RAW DATA:
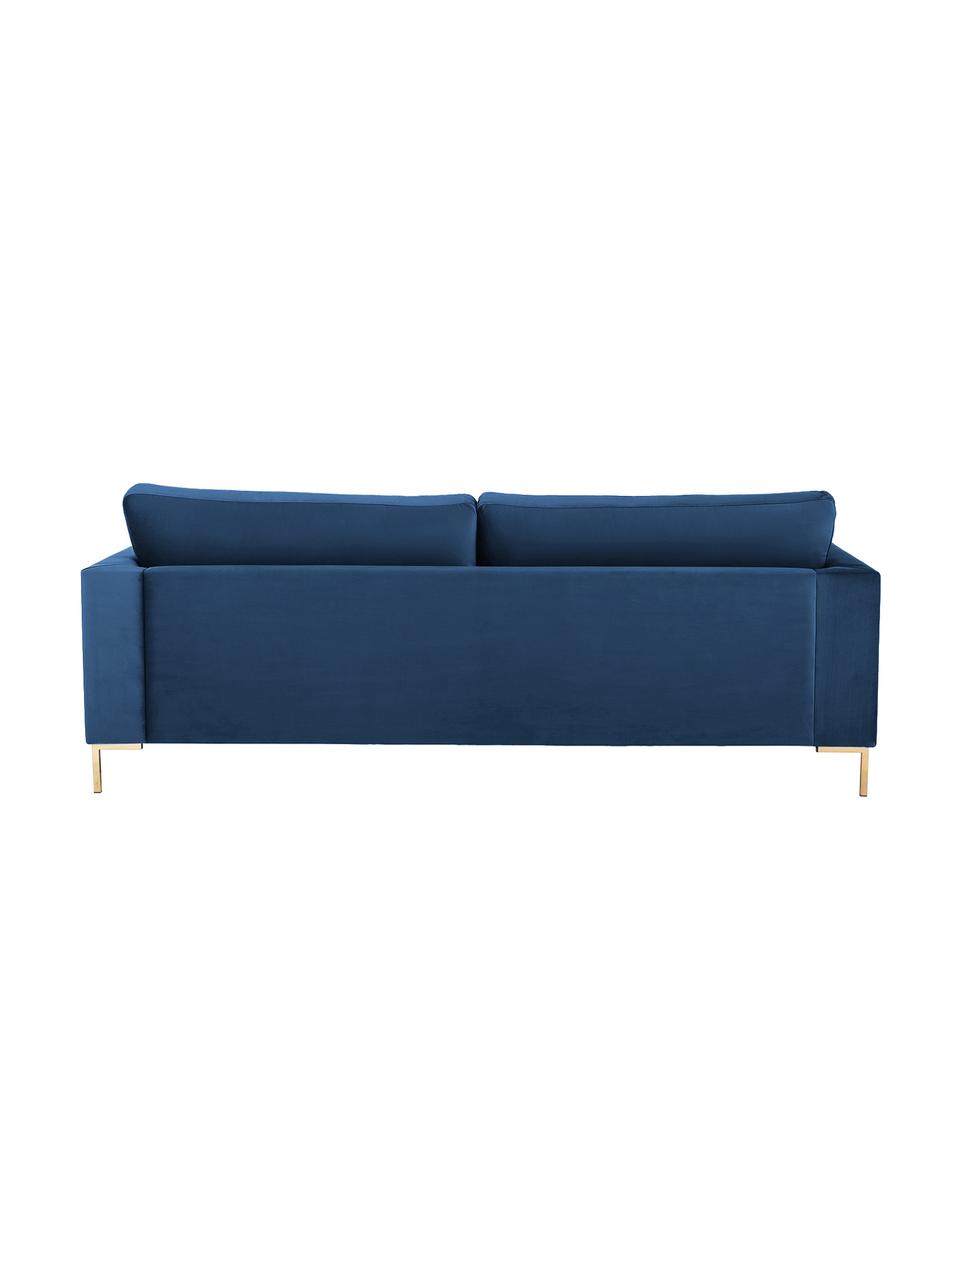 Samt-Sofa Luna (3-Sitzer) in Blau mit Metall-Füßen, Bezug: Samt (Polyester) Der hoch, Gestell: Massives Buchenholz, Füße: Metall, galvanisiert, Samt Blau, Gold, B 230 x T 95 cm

---

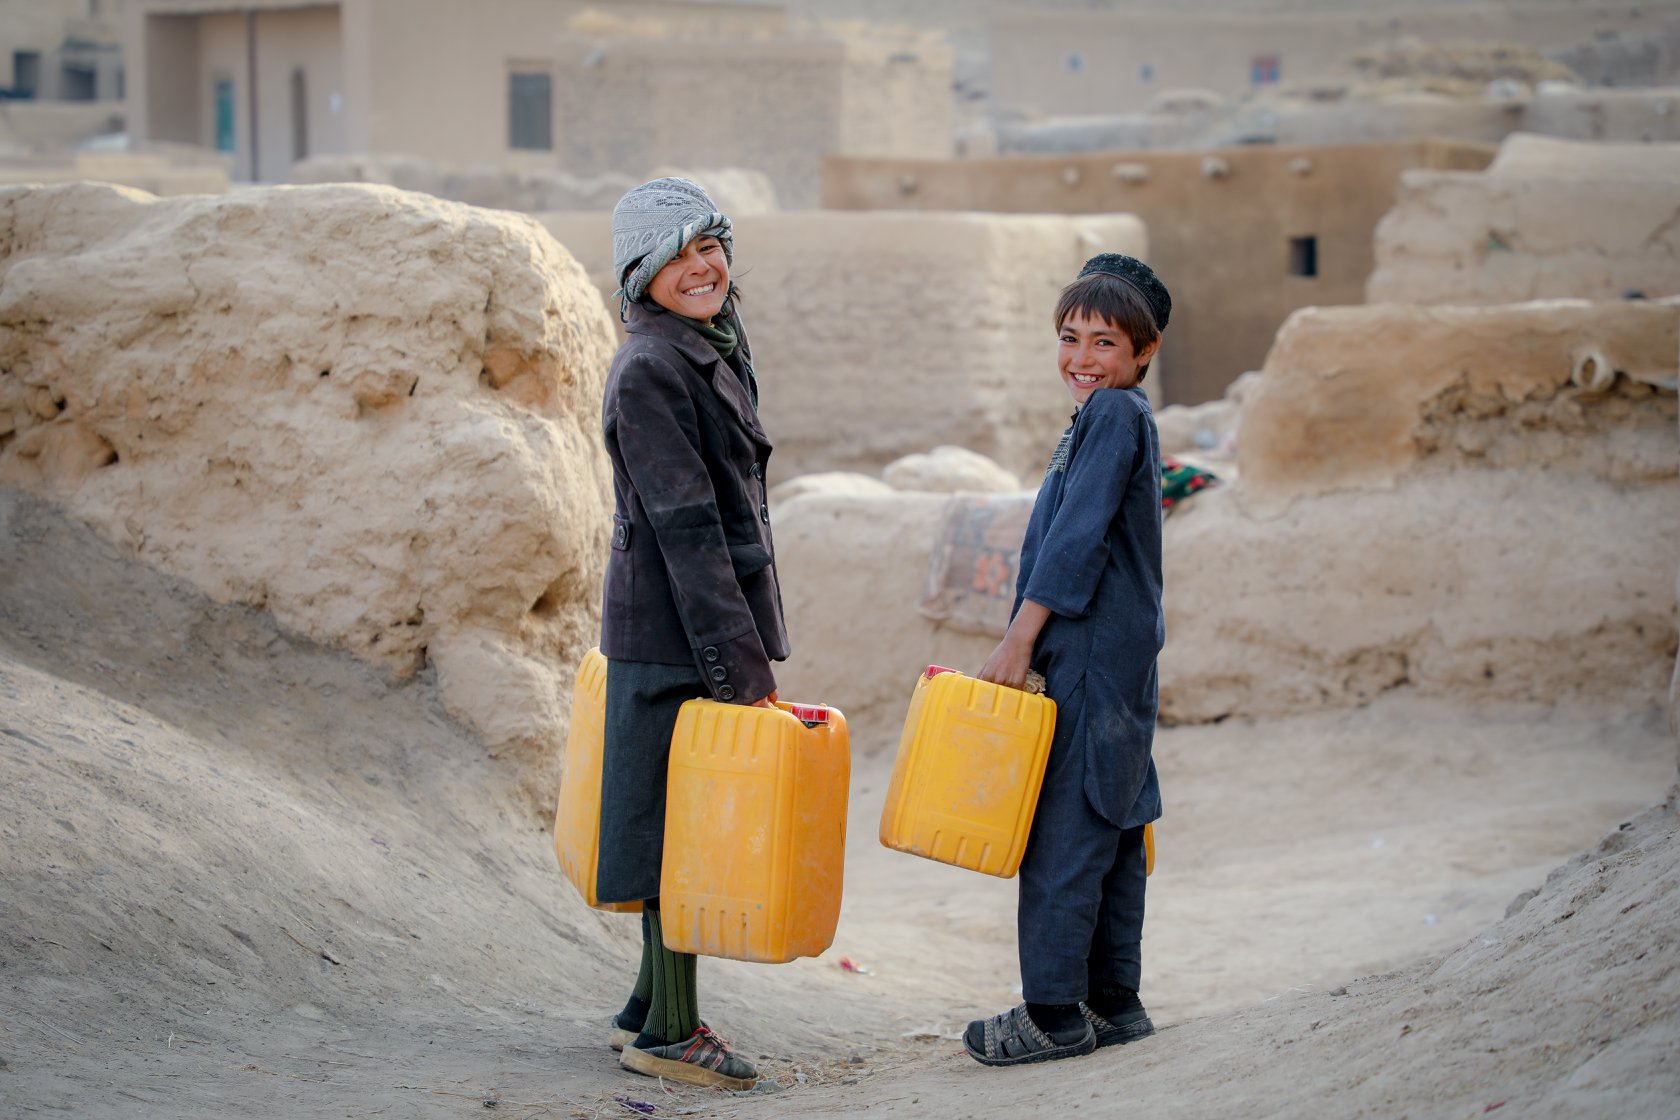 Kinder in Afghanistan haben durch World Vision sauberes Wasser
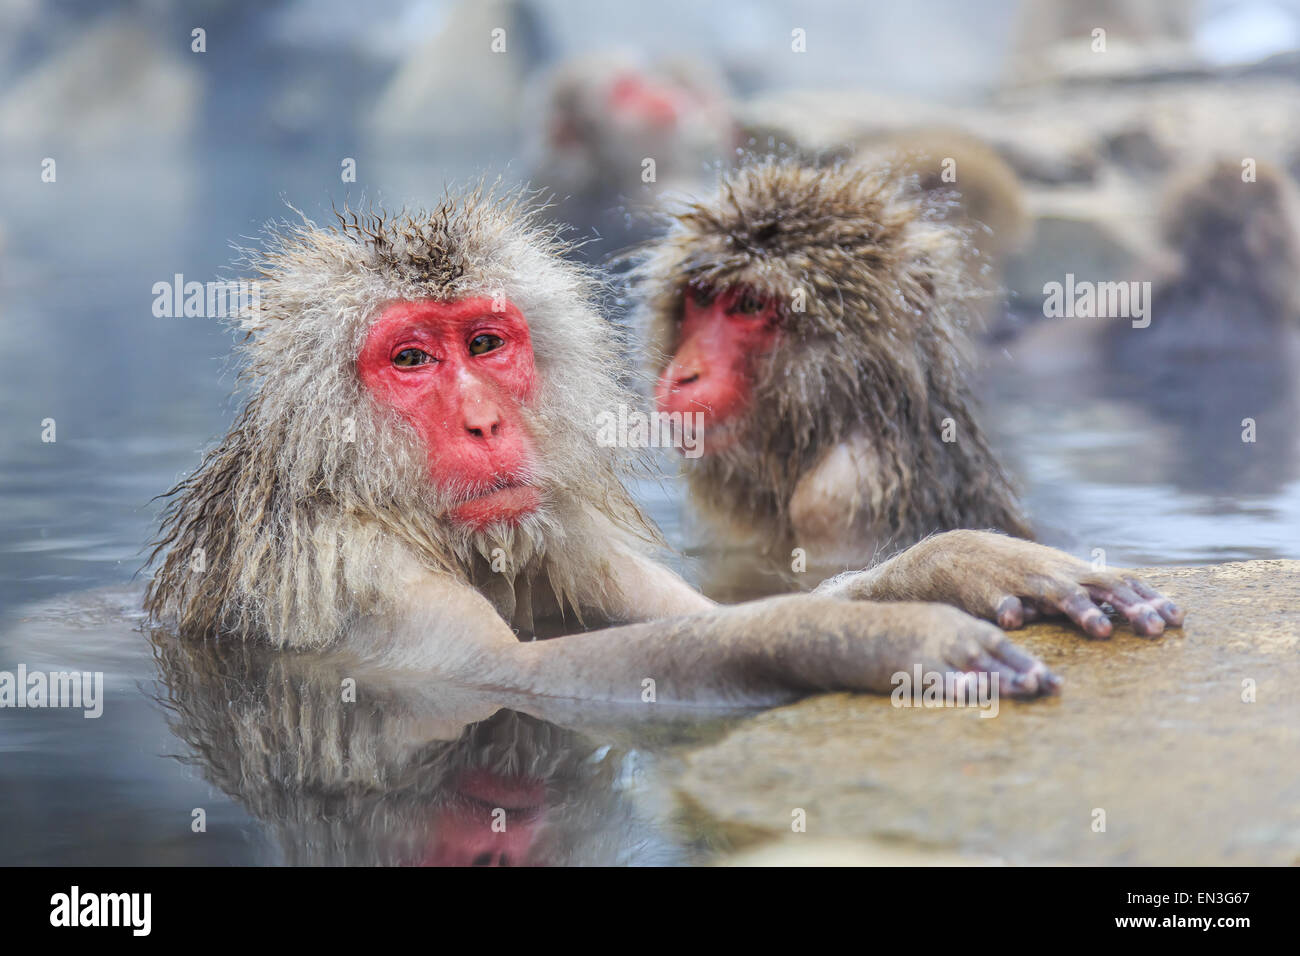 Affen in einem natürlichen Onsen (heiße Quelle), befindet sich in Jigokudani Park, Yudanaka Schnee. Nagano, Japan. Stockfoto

TASK BRIEF: All pictures are to be skipped. Output, word for word, the lines in the data above starting at the line containing "Kinder in Afghanistan" and ending at the line containing "Affen in einem".

WRITTEN SOLUTION:
 Kinder in Afghanistan haben durch World Vision sauberes Wasser
 Affen in einem natürlichen Onsen (heiße Quelle), befindet sich in Jigokudani Park, Yudanaka Schnee. Nagano, Japan. Stockfoto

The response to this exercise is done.